Сталин и на Ялтинской не настаивал на совместном штурме. Дал понять, что Берлин брать ему, его генералам и маршалам, его солдатам. Того требовал и его, Сталина, статус, полководца всех времен и народов. Изучив расклад сил, не желая отдавать славу победителя кому бы то ни было, Сталин назначил Жукова всего лишь командующим фронтом. А все руководство Победой взял на себя. Сталин утвердил новый план взятия Берлина не лобовым ударом сразу трех фронтов, а путем охвата города с юга и с севера силами двух фронтов, хотя, объективно говоря, сил даже одного 1-го Белорусского было достаточно для разгрома всей фашистской группировки, оборонявшей столицу.
Помня, однако, как давались победы сорок первого, сорок второго и сорок третьего годов, когда дивизия за дивизией, армия за армией бросались в огонь, Сталин дал приказание накопить как можно больше боевой техники, насытить фронты таким количеством артиллерии, авиации, ракет, танков, чтобы буквально смести с лица земли любую оборону немцев.
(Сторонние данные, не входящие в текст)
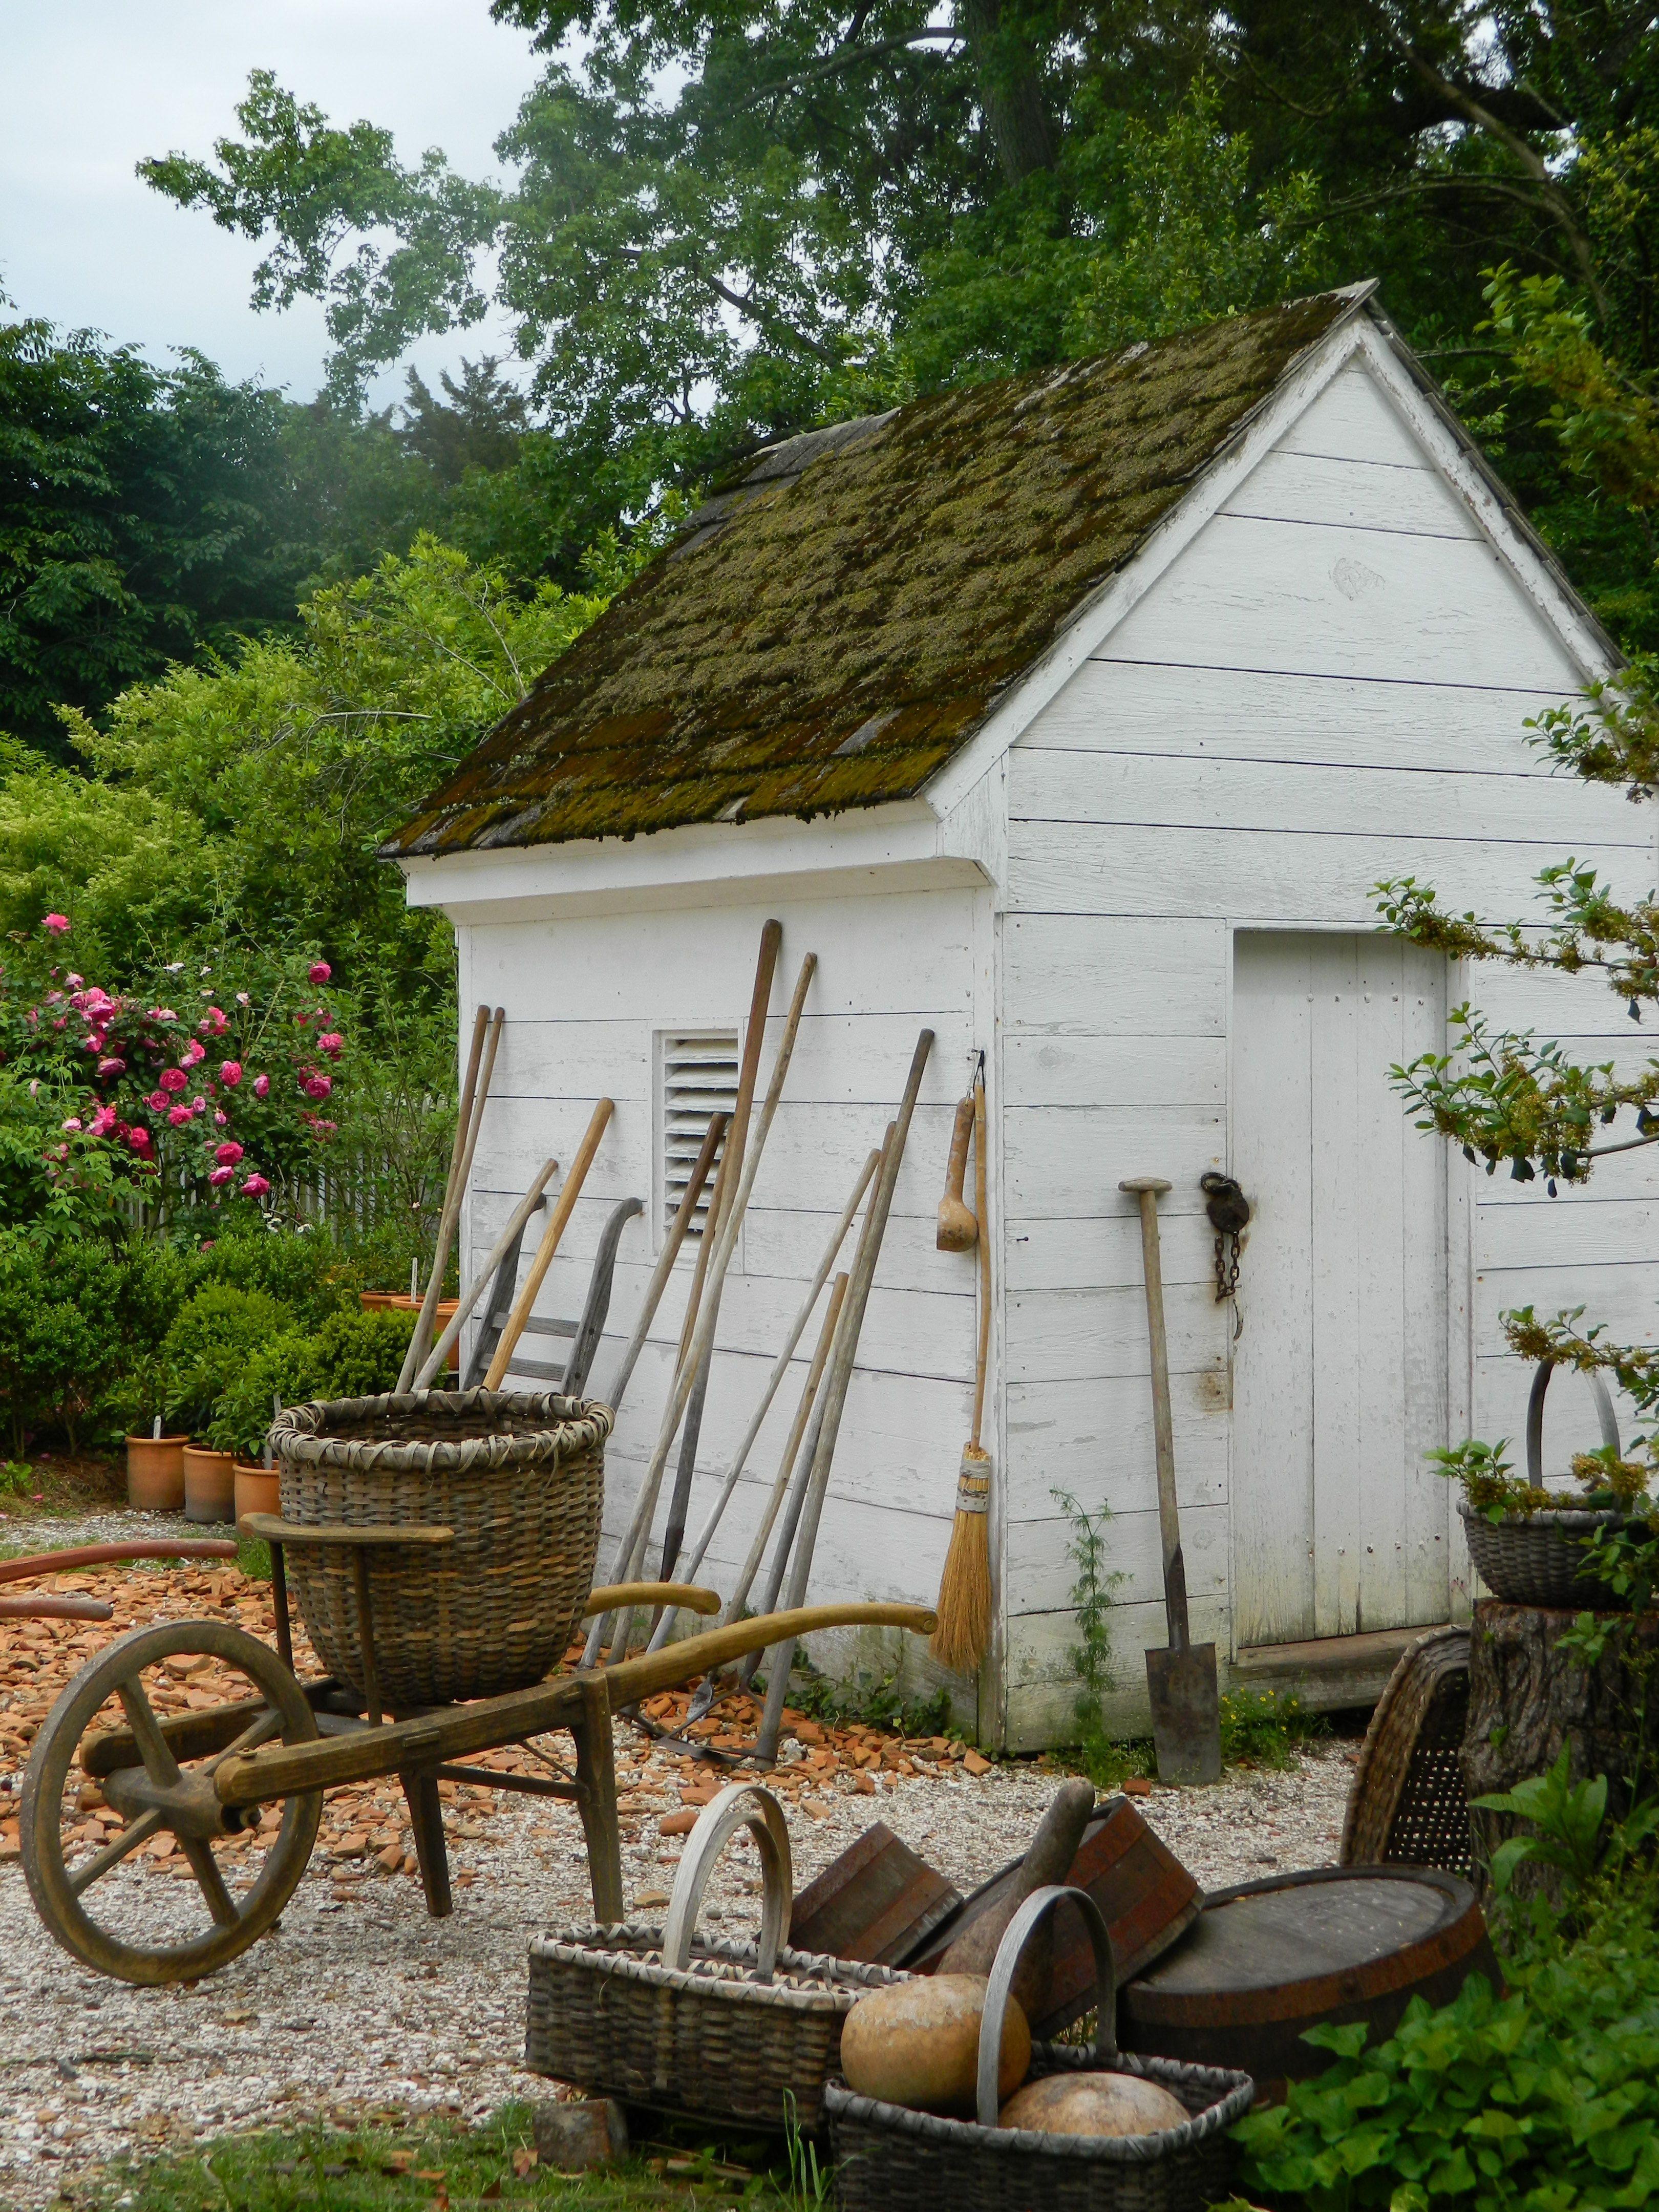 garden shed basket wheelbarrow tools - Garden Sheds Reading

9 марта, вечером, на ближней даче Сталина в Кунцево было одно из редких совещаний, где присутствовали только четверо членов Политбюро — Молотов, Маленков, Берия и Каганович и такое же количество маршалов, командующих фронтами вместе с начальником генштаба генералом Антоновым. Совещание проводилось в большой столовой, куда всех пригласил Власик и где Сталина еще не было. Но вот он появился, сутулящийся, больной, с хмурым лицом, и, негромко поздоровавшись, прошел к торцу стола, сел и непривычно долго молчал, непривычно потому, что Сталин берег время и все совещания у него не отличались длительностью.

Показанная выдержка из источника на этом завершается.